Today was my first attempt at delivering a homily. The Tuesday Eucharist is usually low-key with just a handful of people attending, but my supervisor thought I was ready to start off with the larger crowd that comes for All Souls' Day.
I have to say that I think it went well. I didn't give a real sermon but instead encouraged the congregation present to really grieve and feel their pain; God was with them in it. I started off talking about the image from Isaiah about the banquet: it's such a fine scene and a great way to think about our life with God after the resurrection. We don't live at that time, though. We still experience pain and suffering. While our hope is in the resurrection and this divine banquet, we will grieve over our loved ones and know a lot of pain.
Our hope does not diminish our feelings or negate them but instead calls us to lift them up to the one who came to us, who lived and died with us and now sits at the right hand of the Father: Christ.
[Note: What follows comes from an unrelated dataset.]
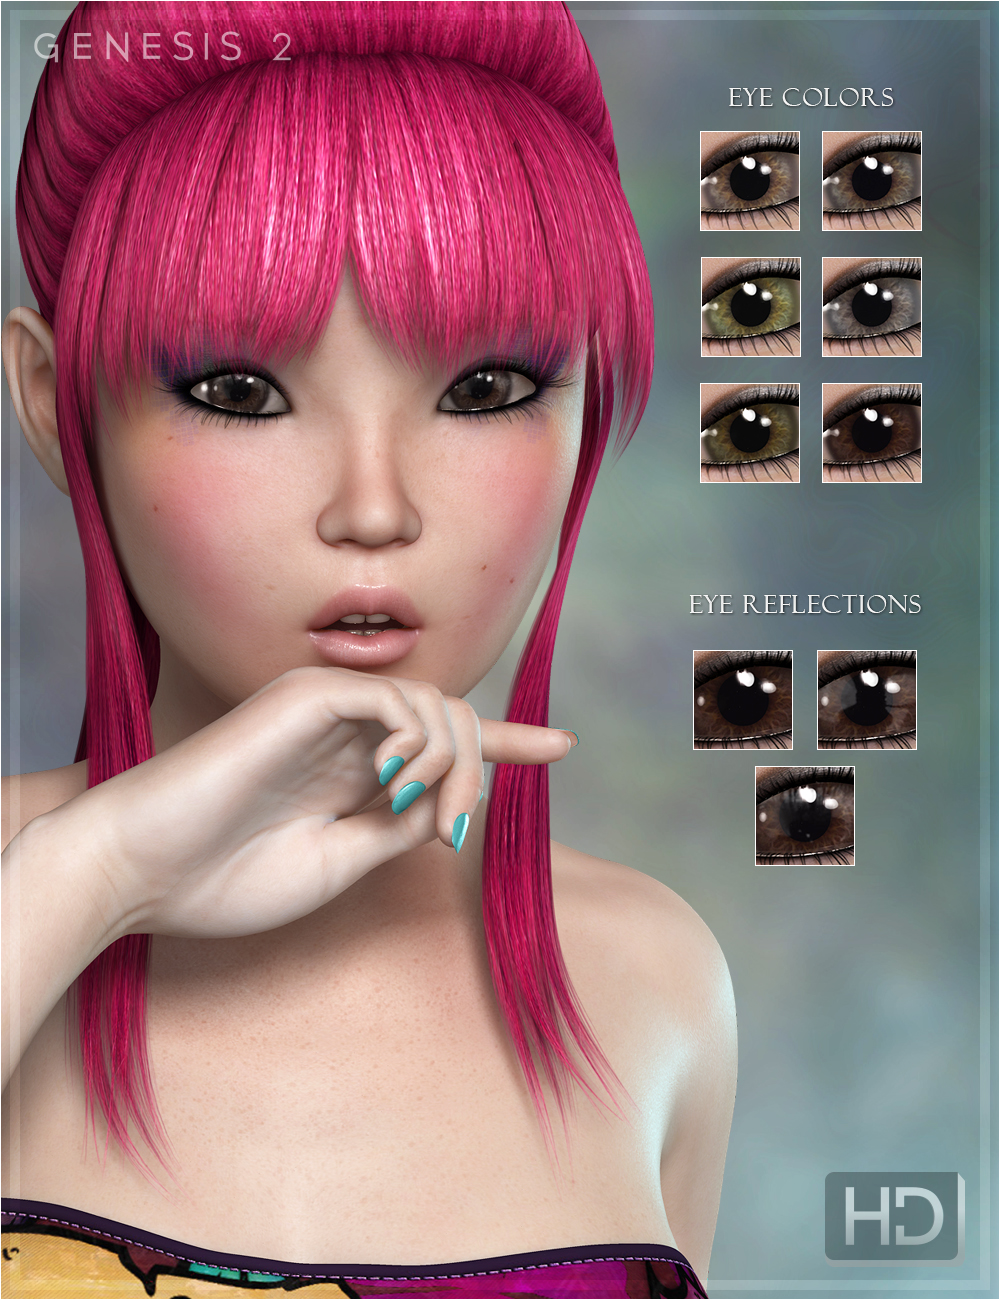 Amelie for Keiko 6 HD by: OziChickFred Winkler Art, 3D Models by Daz 3D
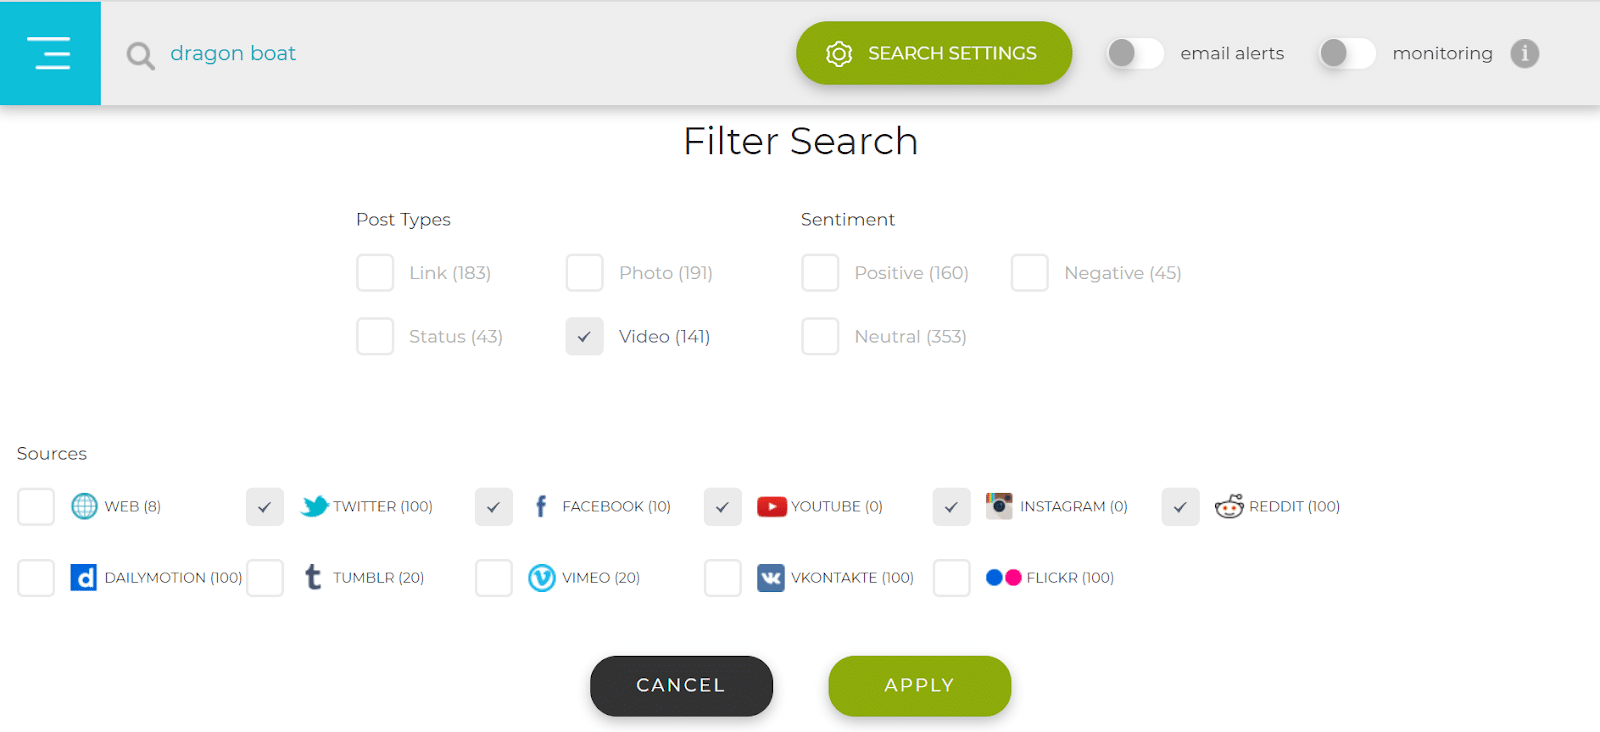 A página inicial do mecanismo de pesquisa Social searcher

We don't lose our pain but must instead live our pain. It doesn't make us un-Christian to mourn or to experience pain. We're human, after all. God, though, wants to be with us in our pain.
My parting sentence:
"And when the banquet is ready, we can appear with our tear-stained cheeks, knowing God will wipe them away. Then we can rejoice with God."
I'm still not sure whether it was good, bad or mediocre, but it was my first attempt at a homily. I can only hope that the right words landed in the ears which needed to hear them. In the words of a priest I know, "May the words of my mouth and the meditations of all our hearts be acceptable in your sight, O Lord, our strength and our redeemer."